6. The article of claim 5 wherein;
said closeable fill spout includes a lid,
and means for producing an indication on said lid that the article should
be replaced.
7. The article of claim 6 wherein said means is time responsive means.
8. The article of claim 7 wherein said time responsive means is a
micro-encapsulated chemical for producing said indication.
9. The article of claim 5 wherein said second water absorbing material is
electrically conductive over the surface of said layer.
10. An anti-static article for controlling build-up of static electricity
within a clothes dryer, comprising:
a bladder defining a chamber adapted to hold a volume of water, said
bladder comprising a moisture-permeable, waterproof material;
a closeable fill spout on said bladder having an opening that permits
fluidic communication with said chamber; and
a water-absorbing material contained within said bladder;
an outer covering over said waterproof material comprising a blend of
cotton and synthetic fiber and being capable of holding moisture that has
permeated through said waterproof material;
whereby, when said bladder is filled with water and inserted into a clothes
dryer, heat within the clothes dryer produces water vapor within said
bladder and permits the water vapor to permeate said material, thereby
decreasing the amount of static electricity within the clothes dryer.

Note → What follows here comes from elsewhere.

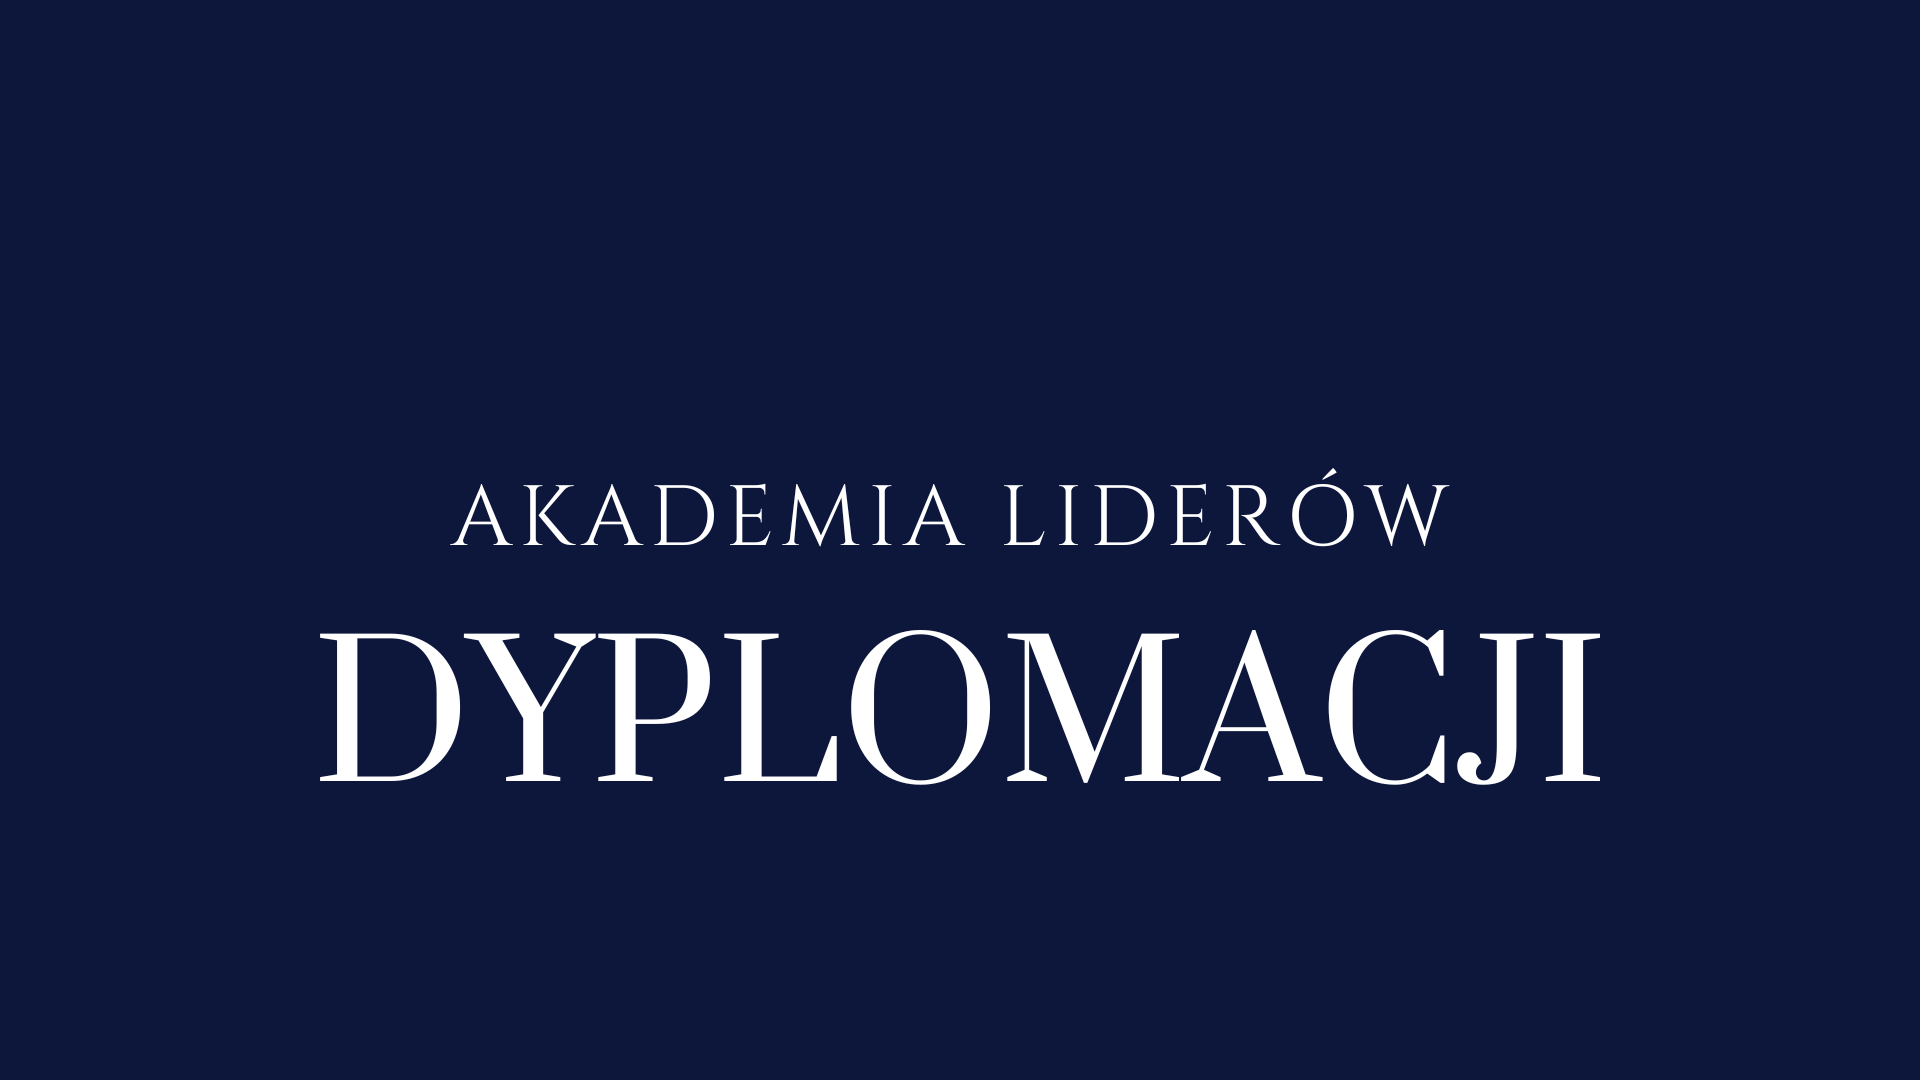 Akademia Liderów Dyplomacji – ogłoszenie naboru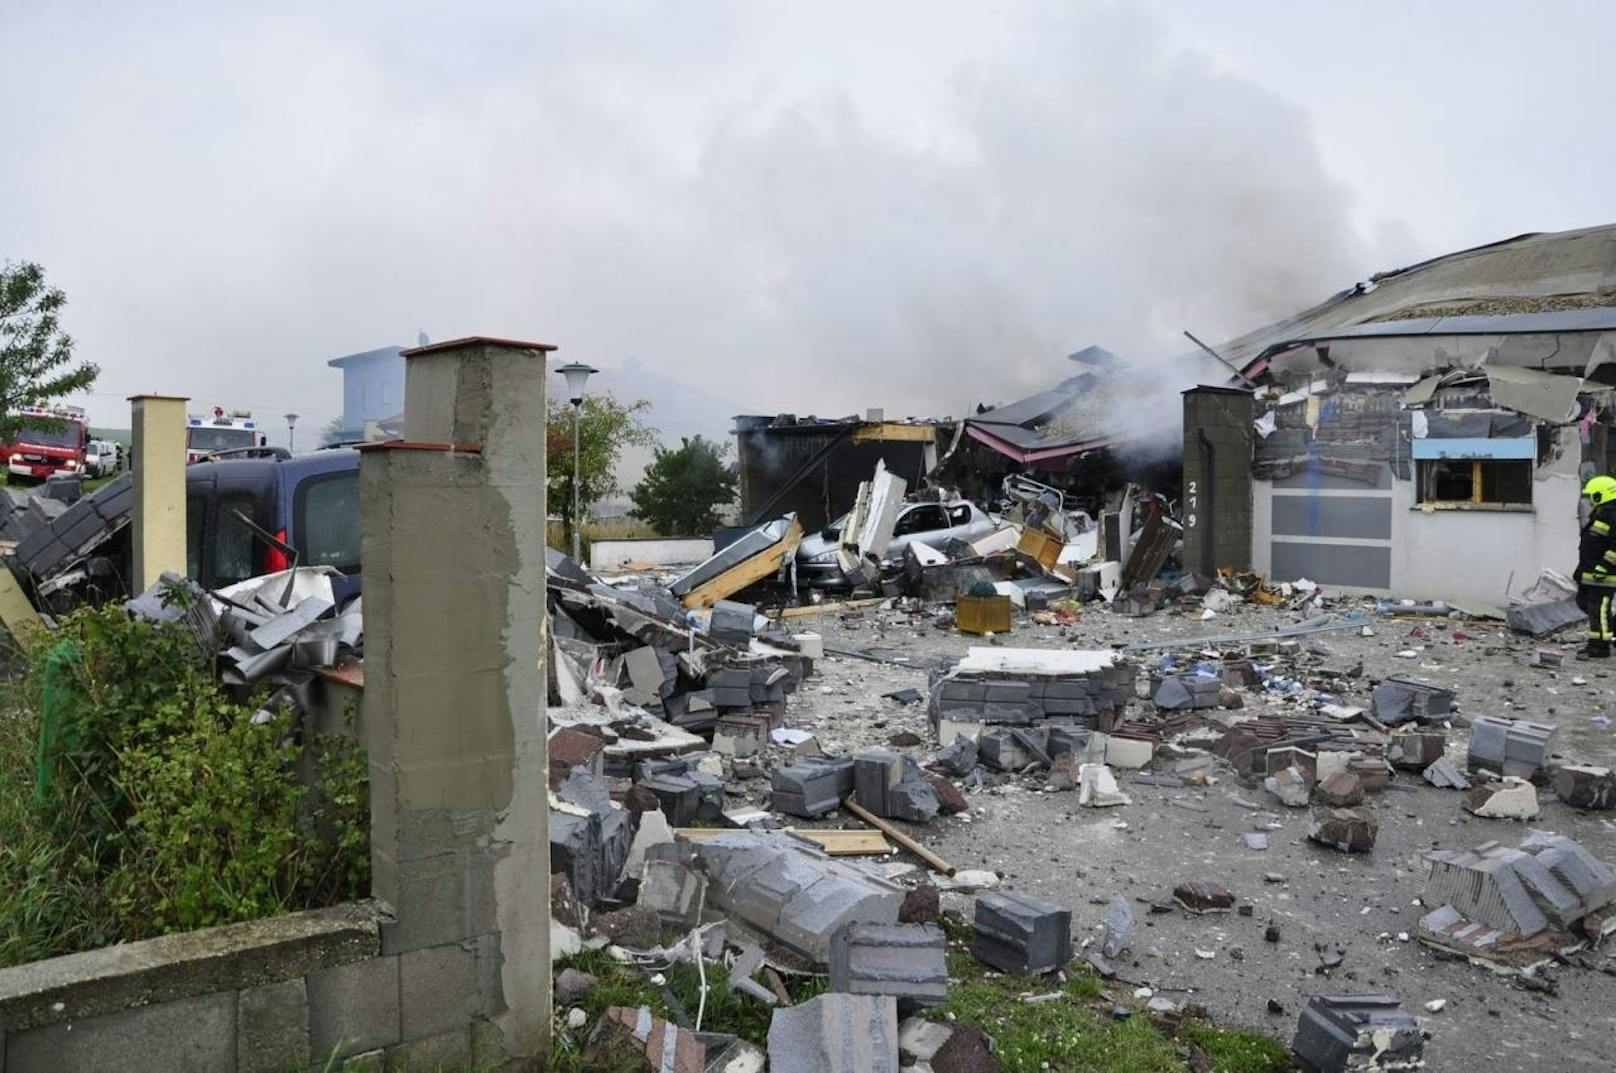 Verwüstung nach einer Explosion in Aspersdorf (Hollabrunn): Das Haus wurde dabei völlig zerstört.

11. An anti-static article for controlling build-up of static electricity
within a clothes dryer, comprising:
a bladder defining a chamber adapted to hold a volume of water, said
bladder comprising a moisture-permeable, waterproof material;
a closeable fill spout on said bladder having an opening that permits
fluidic communication with the chamber of said bladder; and
a water-absorbing material contained within said bladder;
whereby, when said bladder is filled with water and inserted into a clothes
dryer, heat within the clothes dryer produces water vapor within said
bladder and permits the water vapor to permeate said waterproof material,
thereby decreasing the amount of static electricity within the clothes
dryer,
and wherein said bladder has a pair of spaced apart oppositely disposed
walls which are joined together at the perimeter thereof, said bladder
being separated into plural compartments and each compartment is separated
from an adjacent compartment by a vent opening extending through the
opposed walls of the bladder whereby air flow through the dryer may pass
through said openings.
12. An article for conditioning fabrics within a clothes dryer, comprising:
a bladder defining a chamber adapted to hold a volume of liquid, said
bladder comprising a vapor-permeable, liquid proof material;
a closeable fill spout on said bladder and an opening that permits fluidic
communication with said chamber;
an absorbent material contained within said bladder for absorbing liquid in
said chamber;
a fabric conditioning agent, said agent being micro-encapsulated by a time
release coating and being impregnated into said absorbent material;
said fabric conditioning agent being released by said coating after a
predetermined time, said conditioning agent being vaporized by the heat of
said dryer and having a vapor particle size small enough to permeate the
material of said bladder at a predetermined temperature, whereby said
article produces a controlled delivery of said conditioning agent during
operation of said dryer.
13. An article for conditioning fabrics within a clothes dryer, comprising:
a bladder defining a chamber adapted to hold a volume of liquid, said
bladder comprising a vapor-permeable, liquidproof material;
a closeable fill spout on said bladder and an opening that permits fluidic
communication with said chamber for adding liquid thereto,
a plurality of bodies disposed in said chamber, each body containing a
fabric conditioning chemical which is released in vapor form at the
operating temperature of said dryer,
said liquid being vaporized at the operating temperature of said dryer,
whereby said article produces a controlled delivery of the vapors of the
liquid and the chemical through said vapor-permeable, liquidproof material
during operation of the dryer.
14. The article of claim 13 wherein said bodies comprise said chemical
being micro-encapsulated by a time released coating.
Description
FIELD OF THE INVENTION
This invention relates in general to articles and methods for treating
fabrics in an automatic clothes dryer and, more particularly, to an
article placed within the dryer for fabric conditioning and control of
static electricity.
BACKGROUND OF THE INVENTION
As is now well known, fabrics can be treated within a clothes dryer using
an article containing conditioning agents for such purposes as fabric
softening, scenting, and preventing build-up of static electricity. The
conditioning agents can be incorporated into the article in various ways.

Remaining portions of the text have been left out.